Also got a chance to use my new Sonax wheel cleaner. This is by far the best stuff i've used for a good while. I highly recommend. http://www.cleanyourcar.co.uk/wheels-and-tyres/sonax-full-effect-wheel-cleaner/prod_1180.html
along with that, i managed to polish, and then seal the windscreen with some G5.


----------



## muzzer (Feb 13, 2011)

I like that a lot, it's funny but white seems to suit the 1 series, the head sales rep at work has a brand new 120d in white and it just looks right. Yet a neighbour has a blue one and i really dont like it at all.


----------



## TheRonin (Mar 12, 2006)

i had my wheel bolts sand blasted and sprayed black cost about £10 much cheaper than buying new wheel bolts.


----------



## Rowe (Jul 4, 2013)

muzzer42 said:


> I like that a lot, it's funny but white seems to suit the 1 series, the head sales rep at work has a brand new 120d in white and it just looks right. Yet a neighbour has a blue one and i really dont like it at all.


I always wanted a white one. With the rims its sat on, people often confuse it with a 1M :lol:


----------



## B17BLG (Jun 26, 2012)

Looking epic indeed.

Have you got a polisher? Come summertime pop round and we can coat it in some Swissvax Onyx if you like too, leaves and awesome finish on a white car!


----------



## ravi811 (Jul 19, 2012)

Rowe said:


> Well ive just bought myself a new motor. The tidy up begins this weekend!
> Any suggestions on waxes is welcomed. All my current waxes are supposedly suited to dark coloured cars.
> 
> First this for this weekend will to be fully decontaminate, and clay
> ...


loooks class, seen it on focustoc already tho


----------



## Rowe (Jul 4, 2013)

B17BLG said:


> Looking epic indeed.
> 
> Have you got a polisher? Come summertime pop round and we can coat it in some Swissvax Onyx if you like too, leaves and awesome finish on a white car!

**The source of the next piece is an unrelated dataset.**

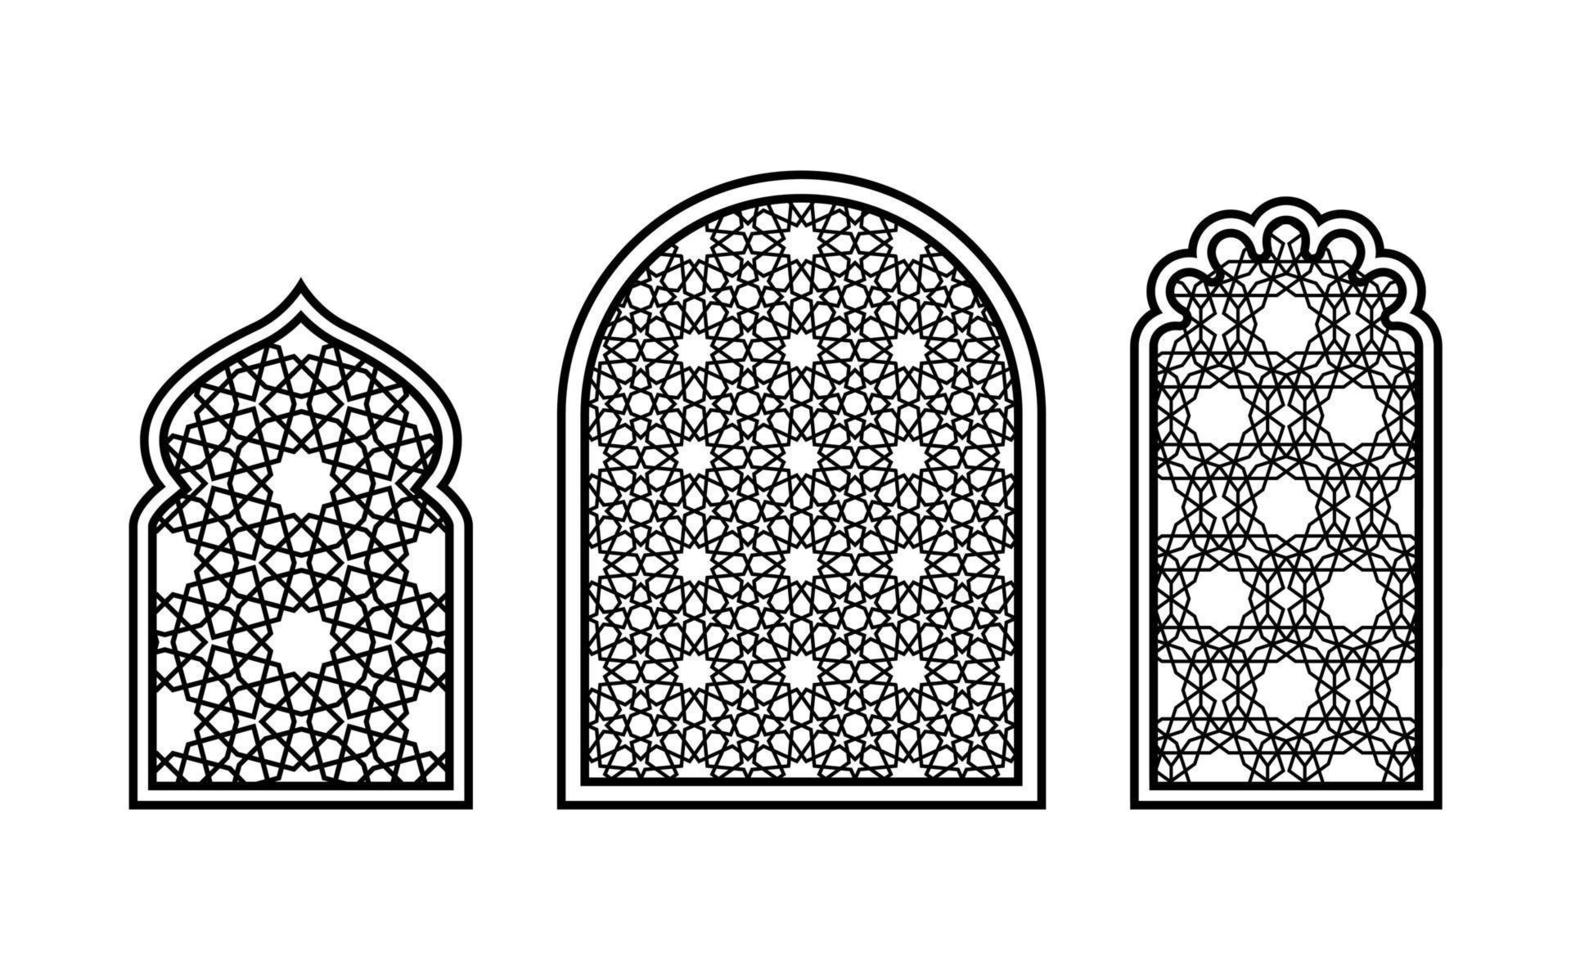 janelas de estilo oriental com padrões geométricos islâmicos tradicionais. silhuetas para esculpir em um fundo branco. ilustração vetorial. vetor

I have yes dude. I keep meaning to do it :wall:


----------



## Rowe (Jul 4, 2013)

ravi811 said:


> loooks class, seen it on focustoc already tho


nice one Rav


----------



## DMH-01 (Mar 29, 2011)

Looks a tidy example :thumb:

A mate had one a couple of years ago running 400bhp.

Definitely look at getting a JB4 or Cobb if you haven't already .


----------



## Rowe (Jul 4, 2013)

DMH-01 said:


> Looks a tidy example :thumb:
> 
> A mate had one a couple of years ago running 400bhp.
> 
> Definitely look at getting a JB4 or Cobb if you haven't already .

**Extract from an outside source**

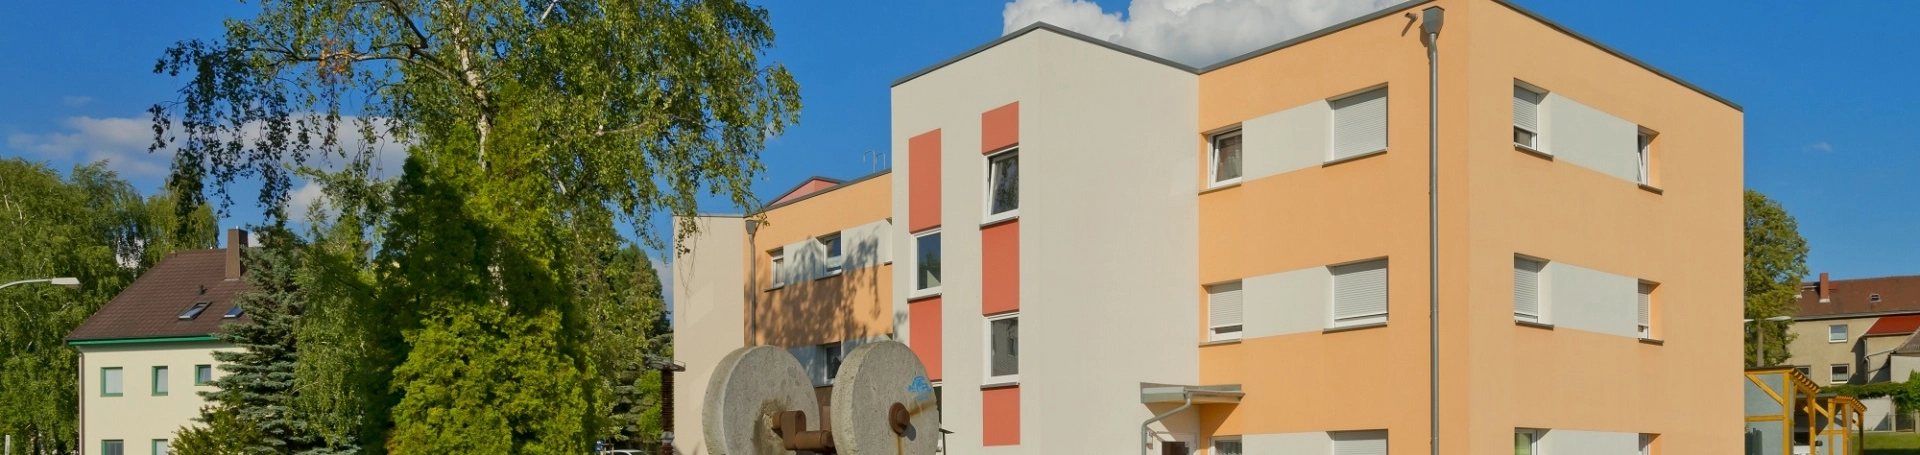 Wohnungen zur Miete in Hermsdorf

Cobb is in uk customs control as we speak, along with a set of catless downpipes. 
I have everything I need for the stage 2+ me now which is 450 at the flywheel


----------



## Rowe (Jul 4, 2013)

Finally got my Darklines fitted 
Soooooo much better IMO.


----------



## B17BLG (Jun 26, 2012)

Looking well!!


----------



## Christian6984 (Dec 20, 2007)

very smart car, looks great. Nice private reg :thumb:, i always looked at initials not considering my surname which i presume maybe the same as yours, 'Rowe'?


----------



## Rowe (Jul 4, 2013)

Christian6984 said:


> very smart car, looks great. Nice private reg :thumb:, i always looked at initials not considering my surname which i presume maybe the same as yours, 'Rowe'?


Present of mummy and daddy for my 18th I think it was. People often confuse it with a 51 plate. 
Looks a lot better on a more modern car though as opposed to the 2002 mk1 focus it was on when I first had it lol


----------



## Evo_automotive (Feb 1, 2011)

Lovely car, the wheels do make it look like a 1M. I'd like a 135i coupe next, I'm currently in an '06 130i m sport:driver:


----------



## Rowe (Jul 4, 2013)

well it's been a while since my last update. And quite a bit has gone on really!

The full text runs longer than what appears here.